**The problem**
Starting with the line that has "DJI RC Remote" in the records below and ending with the line that has "The Range Rover", output those lines exactly and nothing more; omit the pictures.

[Source material]

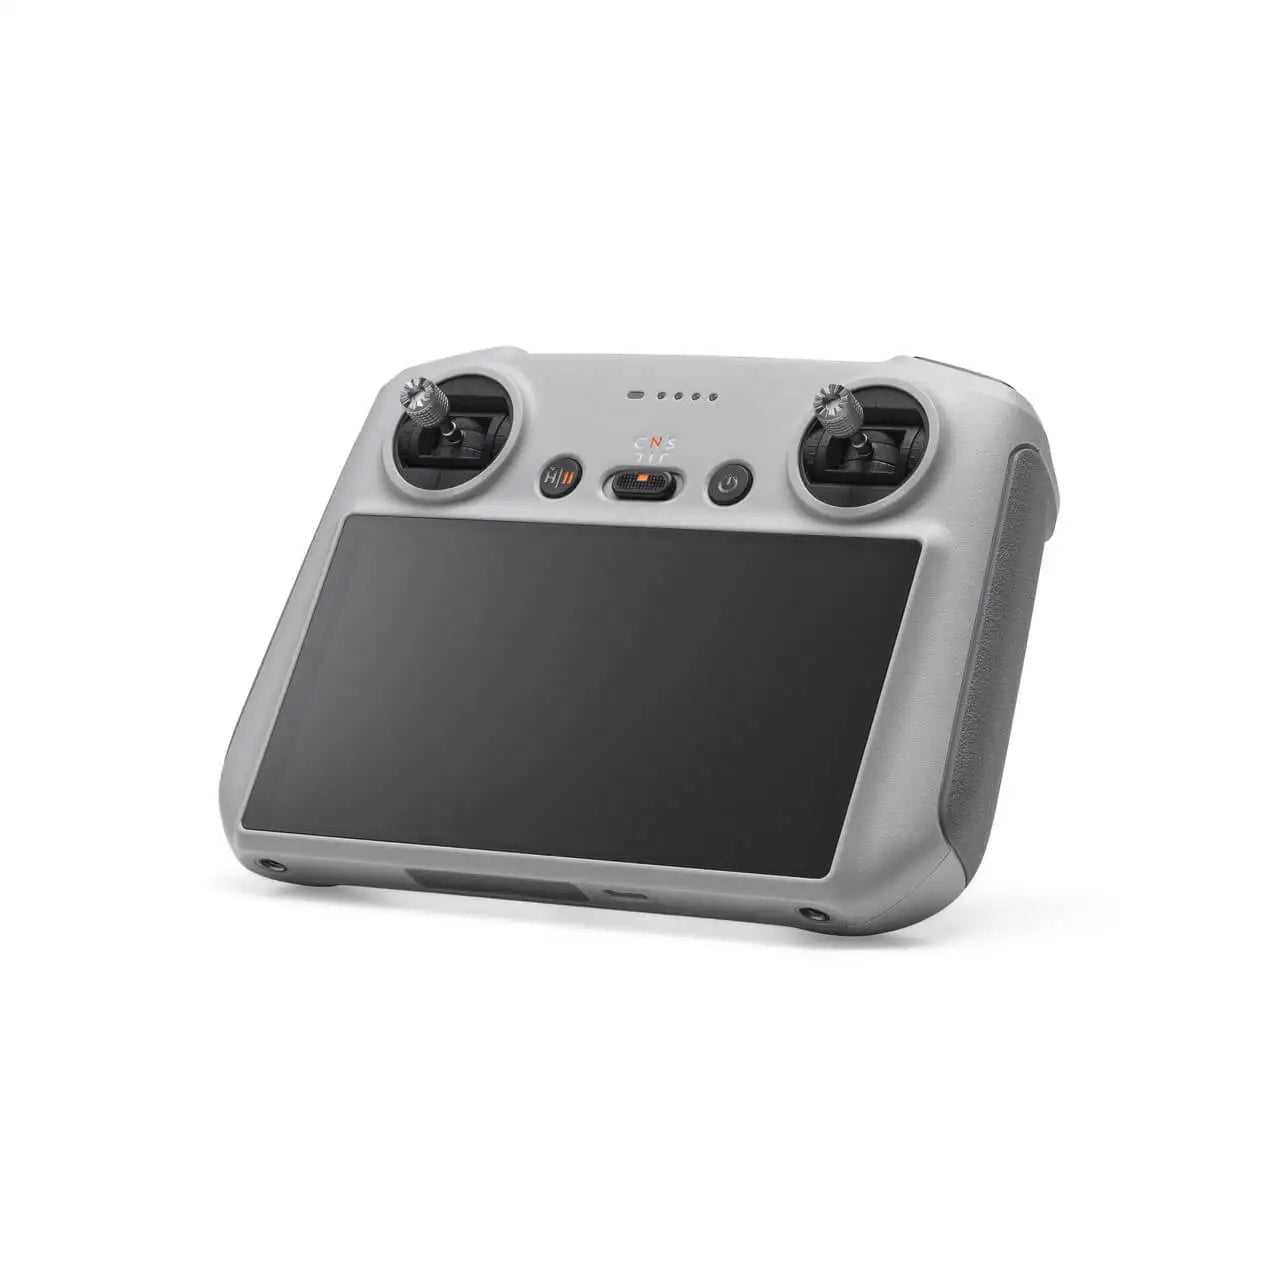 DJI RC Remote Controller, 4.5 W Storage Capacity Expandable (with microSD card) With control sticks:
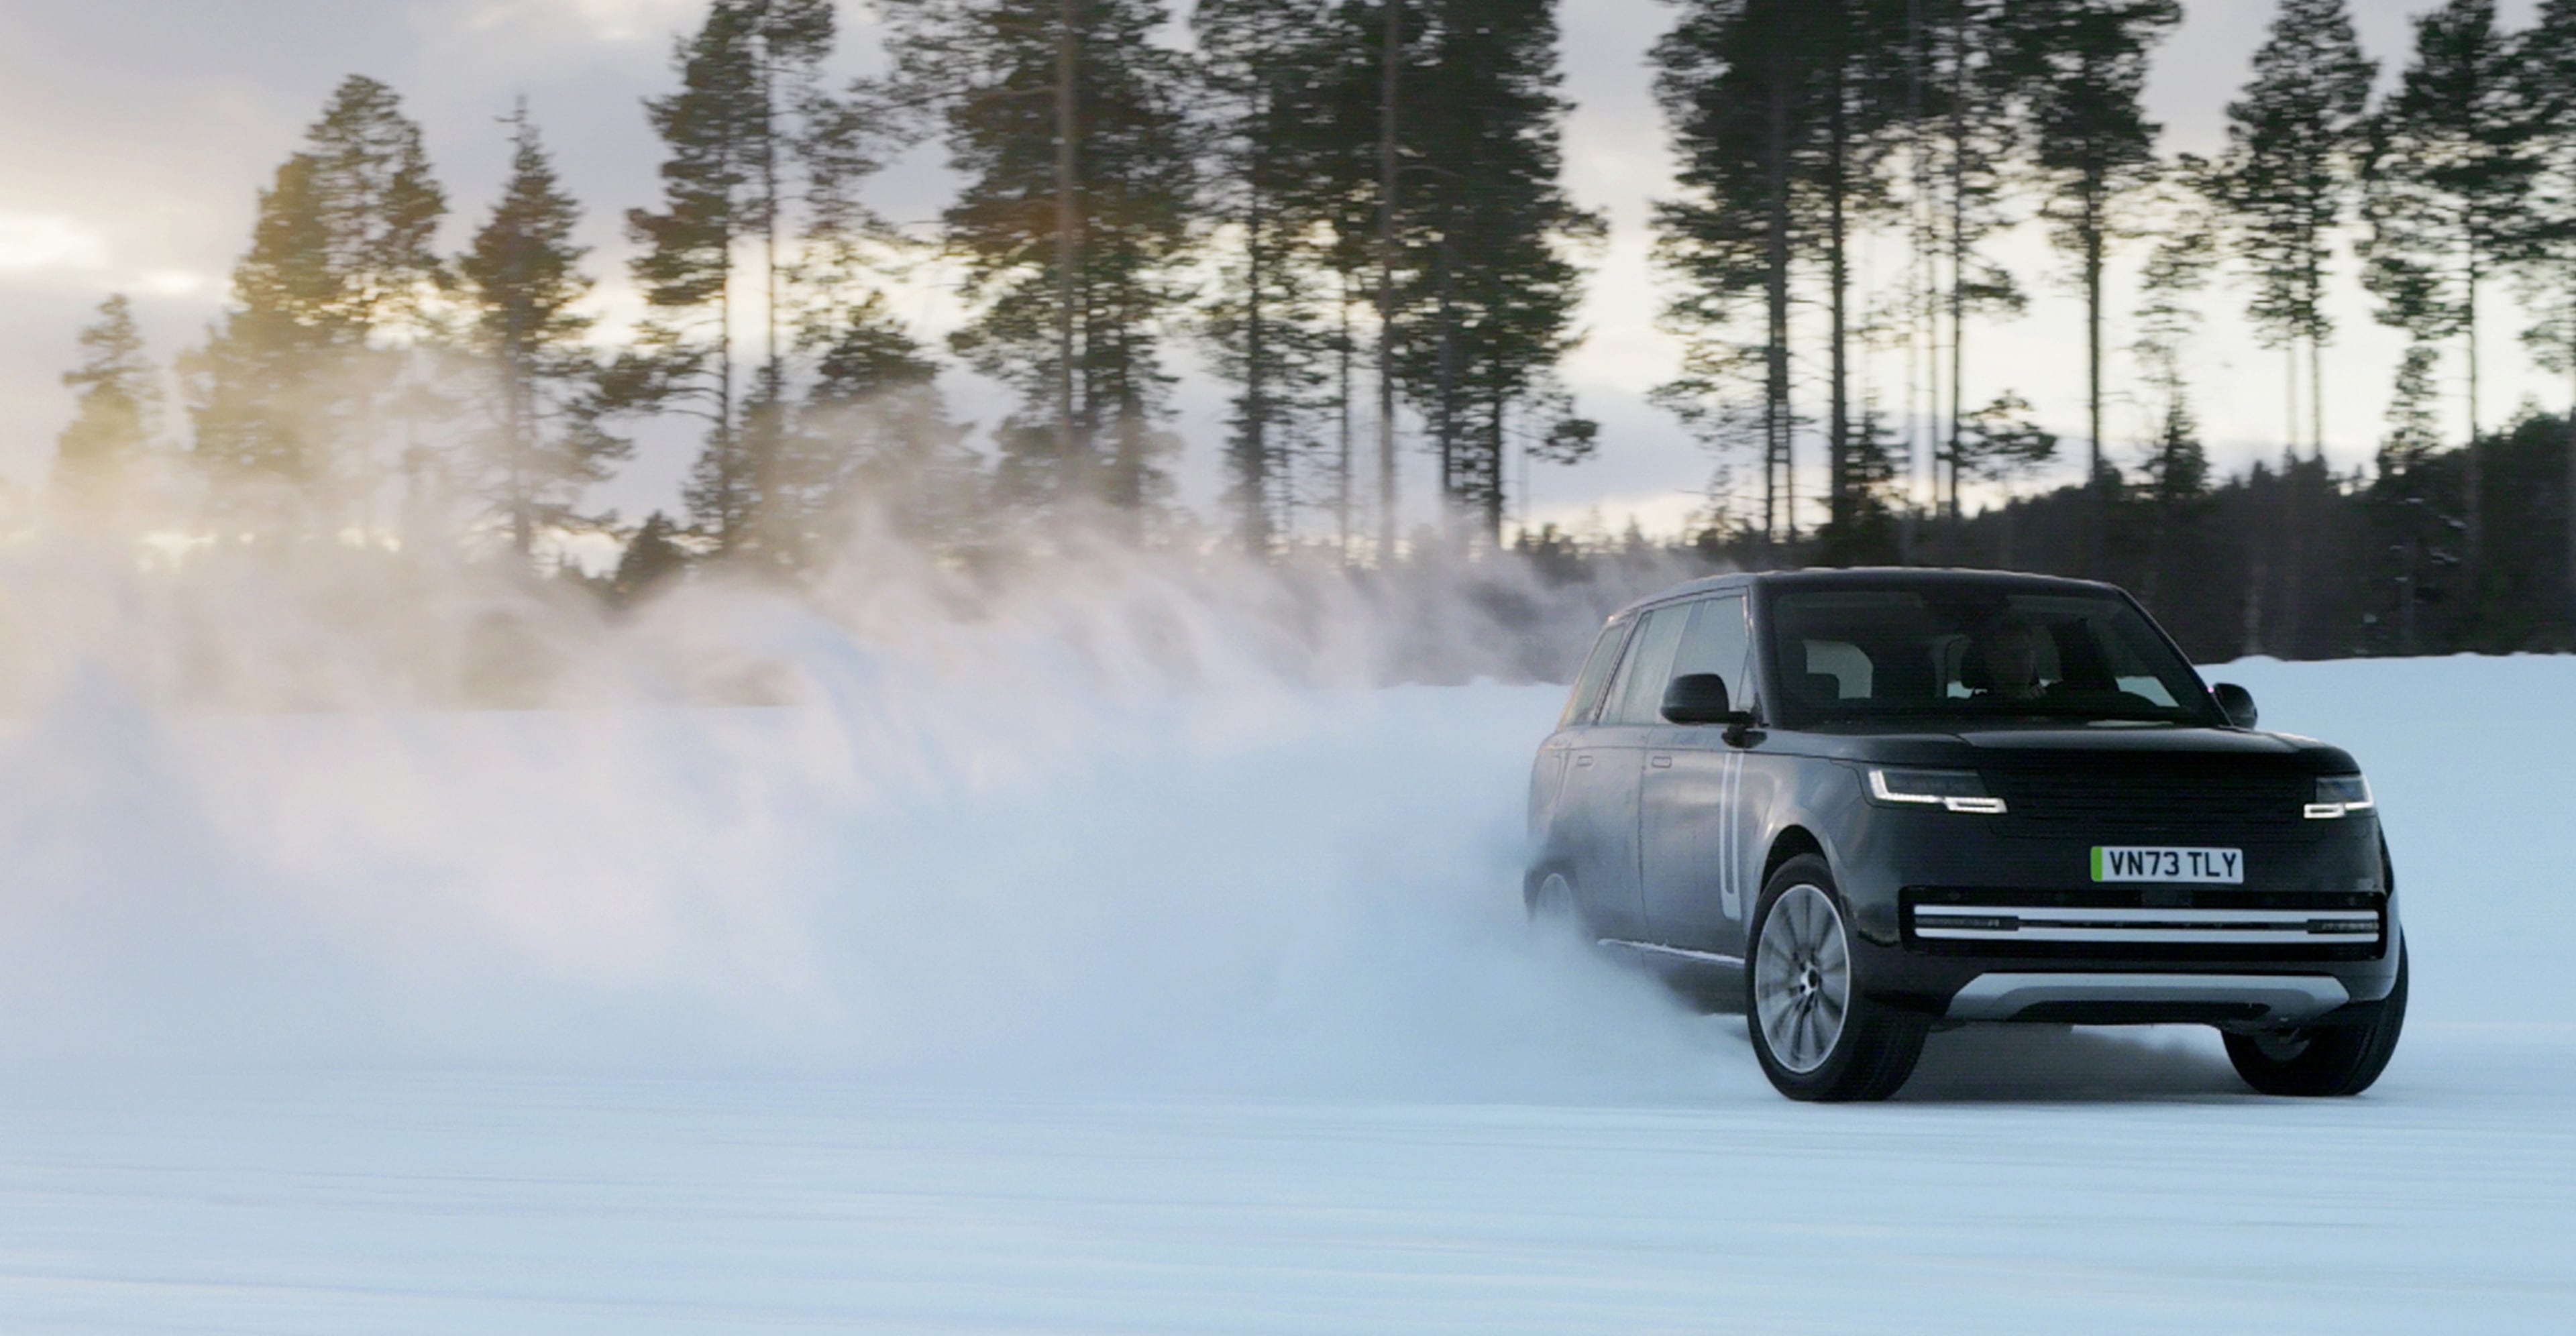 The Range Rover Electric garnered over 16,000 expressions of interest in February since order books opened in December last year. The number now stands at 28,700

[/Source material]
[Source material]

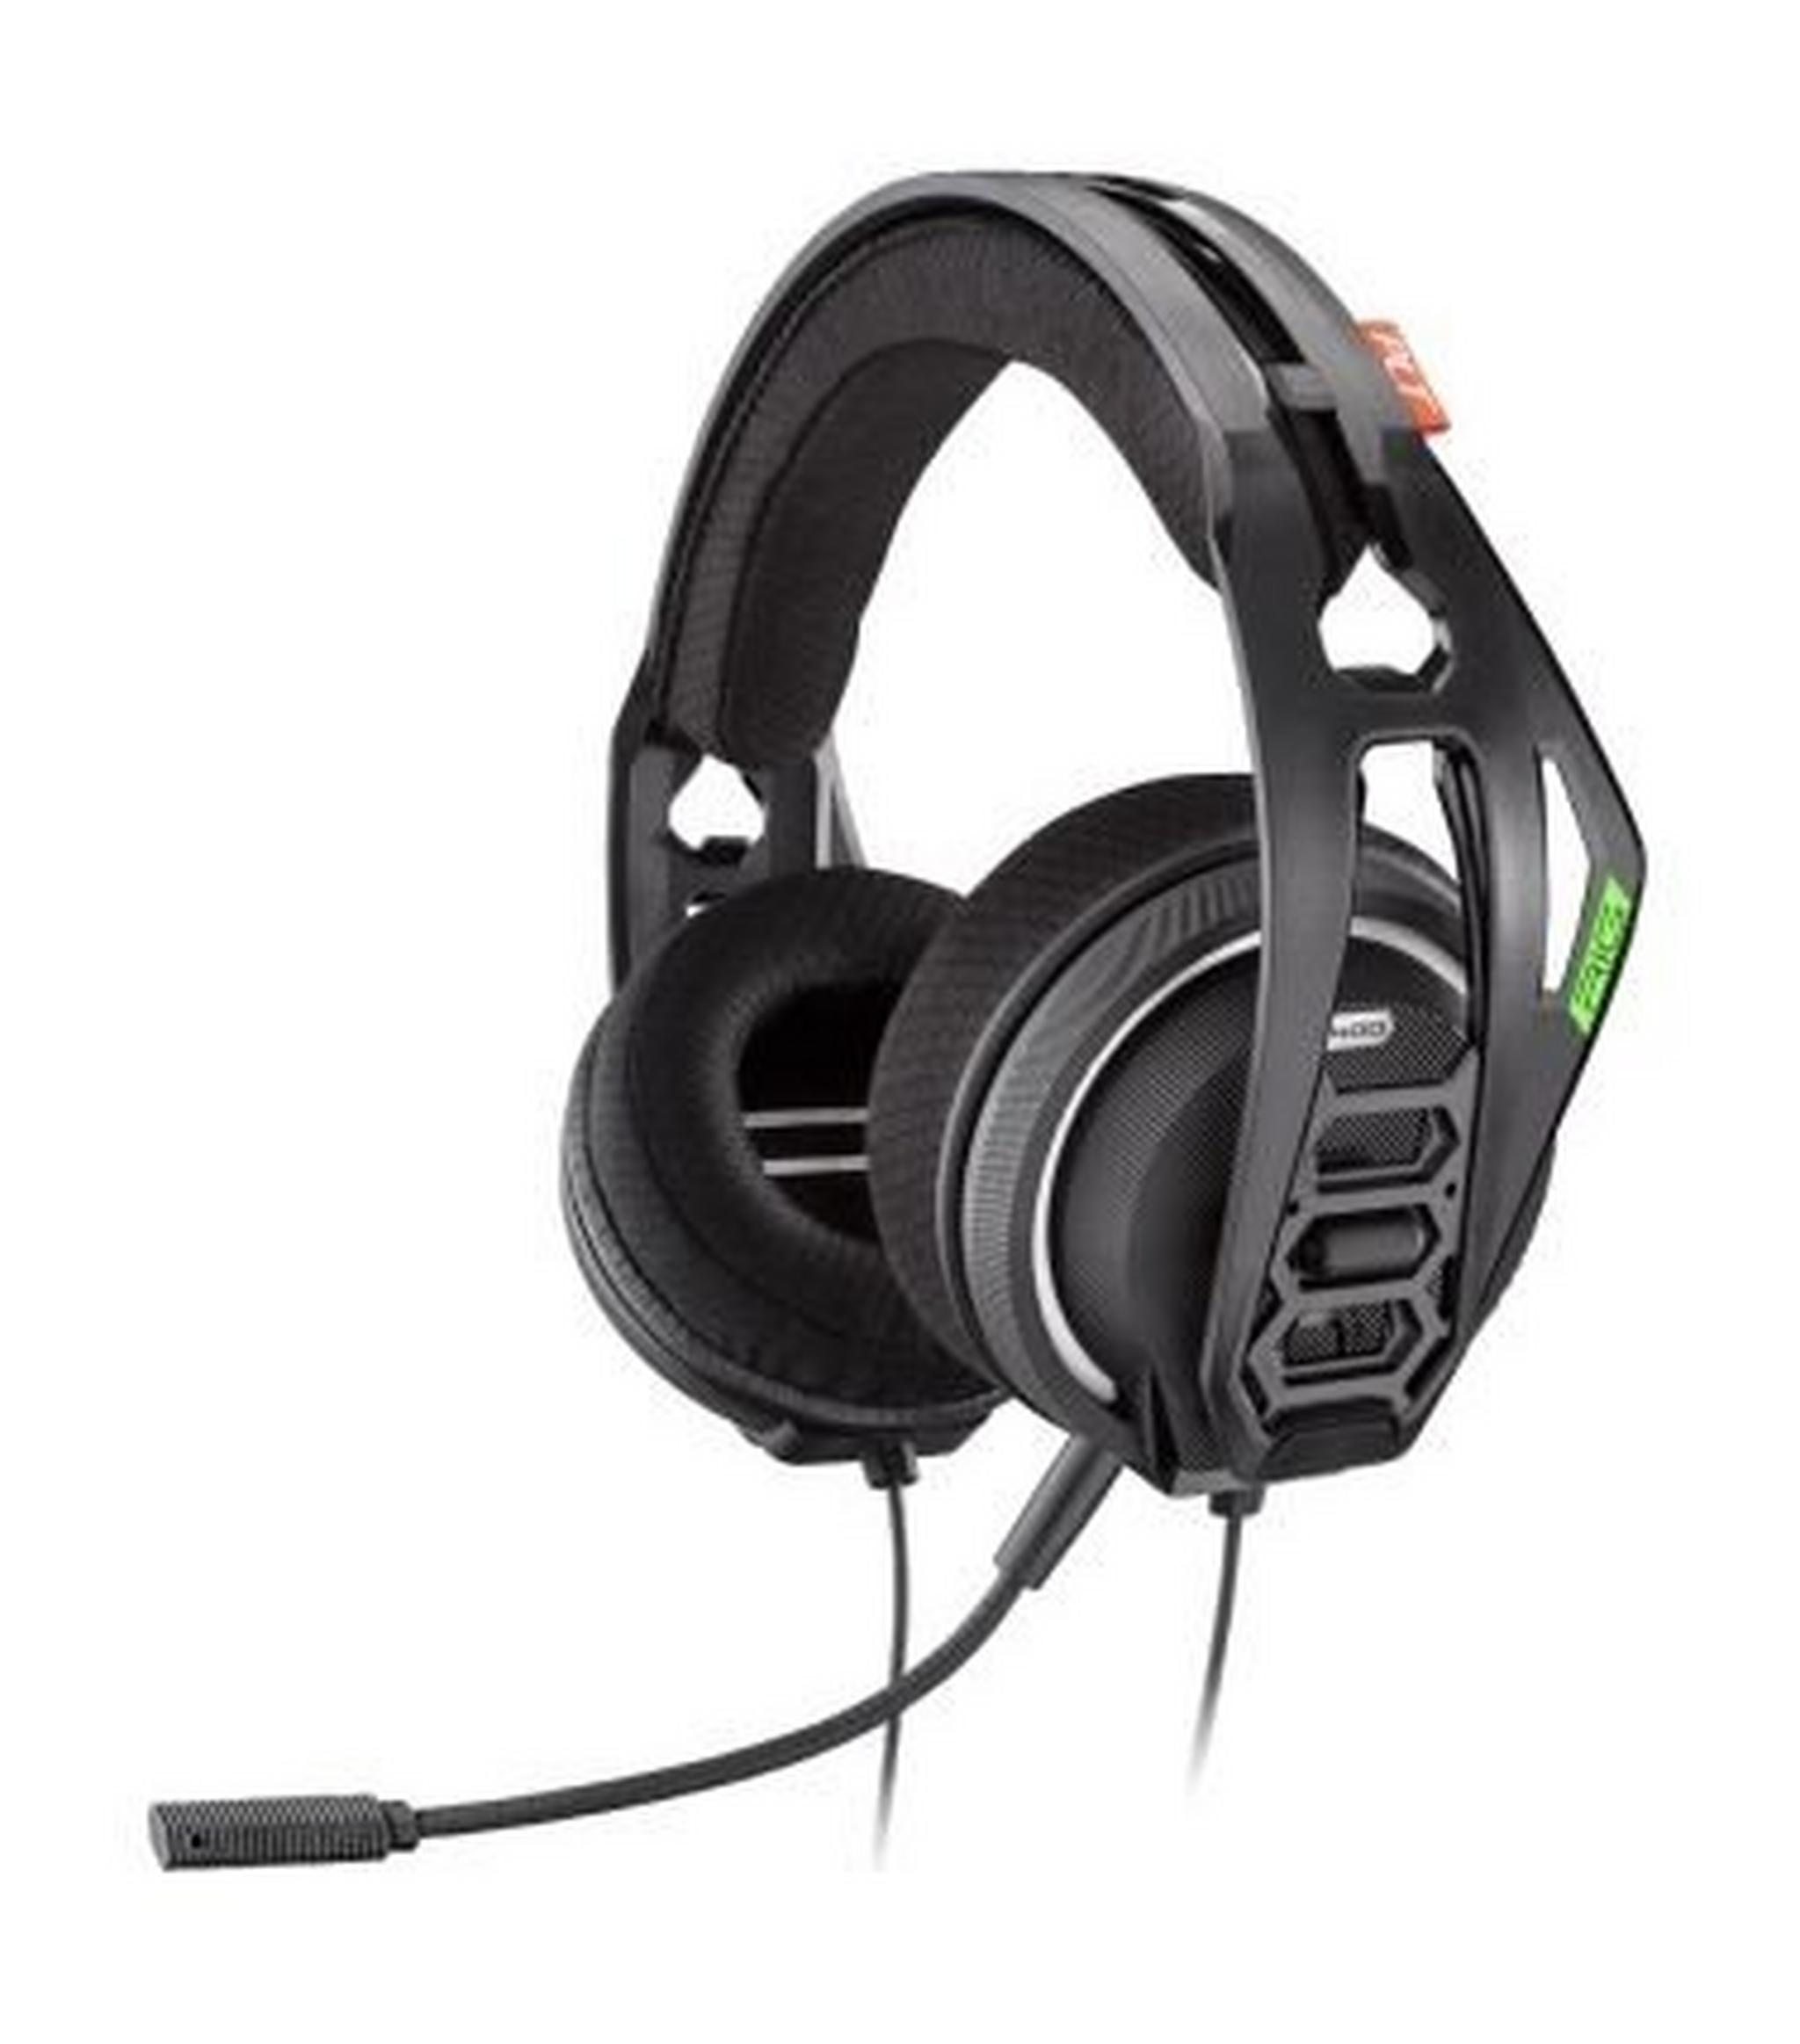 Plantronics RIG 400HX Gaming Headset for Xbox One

[/Source material]

**Solution to the problem**
 DJI RC Remote Controller, 4.5 W Storage Capacity Expandable (with microSD card) With control sticks:
 The Range Rover Electric garnered over 16,000 expressions of interest in February since order books opened in December last year. The number now stands at 28,700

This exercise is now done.